Greg Quick

No. 62
- Position: Offensive tackle

Personal information
- Born: April 26, 1963 (age 62) United States
- Height: 6 ft 4 in (1.93 m)
- Weight: 280 lb (127 kg)

Career information
- High school: Scotland (Laurinburg, North Carolina)
- College: Catawba
- NFL draft: 1987: undrafted

Career history
- Atlanta Falcons (1987);

Career NFL statistics
- Games played: 1
- Stats at Pro Football Reference

= Greg Quick (offensive tackle) =

American football player (born 1964)

Gregory Quick (born April 26, 1964) is an American former professional football player who was an offensive tackle for one season with the Atlanta Falcons in the National Football League (NFL). He played college football for the Catawba Indians.

Quick was born on April 26, 1964. He attended Scotland High School in Laurinburg, North Carolina, and was named all-east in 1980. He was recruited to the Division I-A LSU Tigers after graduating, but ended up playing college football for Catawba College.

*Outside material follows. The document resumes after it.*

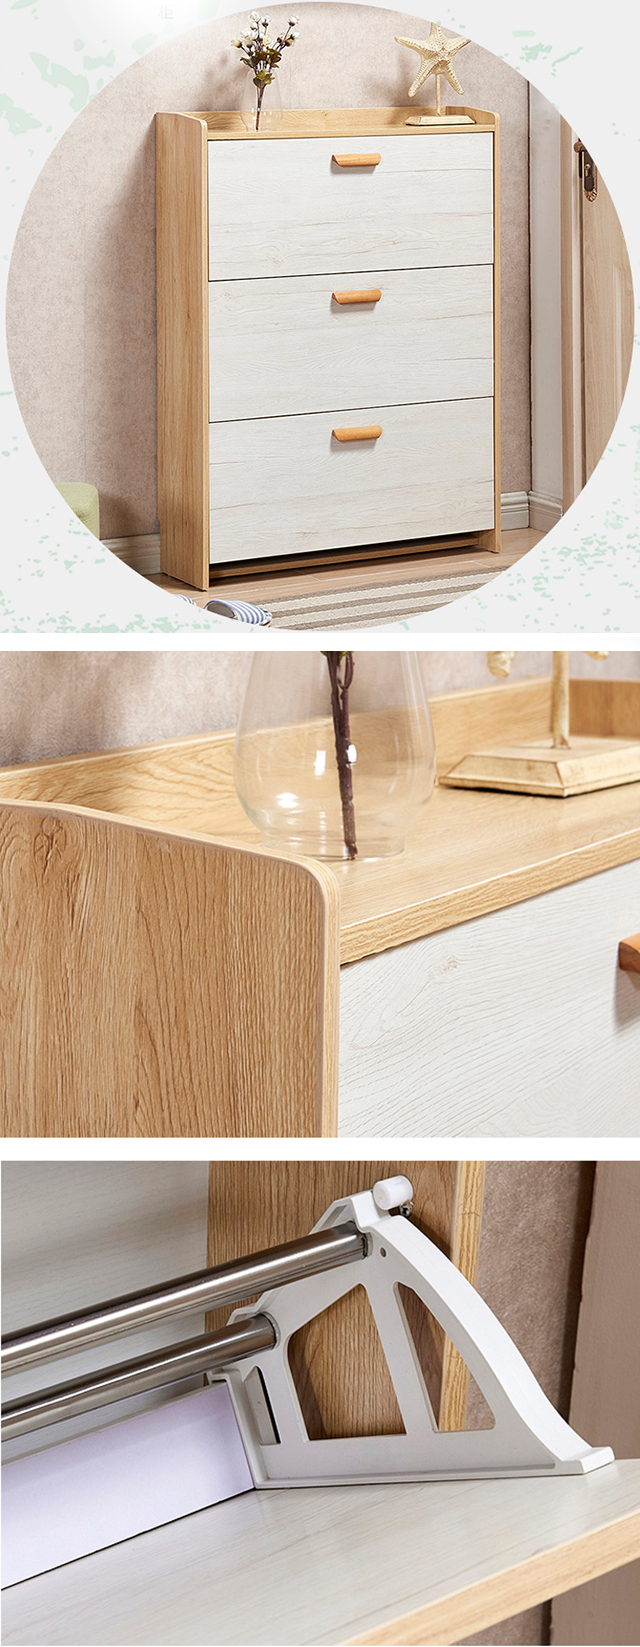 Доступным покрытый меламином дизайн деревянного шкафа ботинка портативный современный простой

After going unselected in the 1987 NFL draft, Quick was signed by the Atlanta Falcons as an undrafted free agent. He was waived in August, but re-signed during the Players' Association strike, in which each team hired replacement players. He appeared in one game with the team as backup offensive tackle, a 17–25 loss against the San Francisco 49ers. At the end of the strike, most replacement players were released. Quick later said, "I'd jump on a plane and fly to Atlanta and spent a night in Atlanta for $1,000 any time."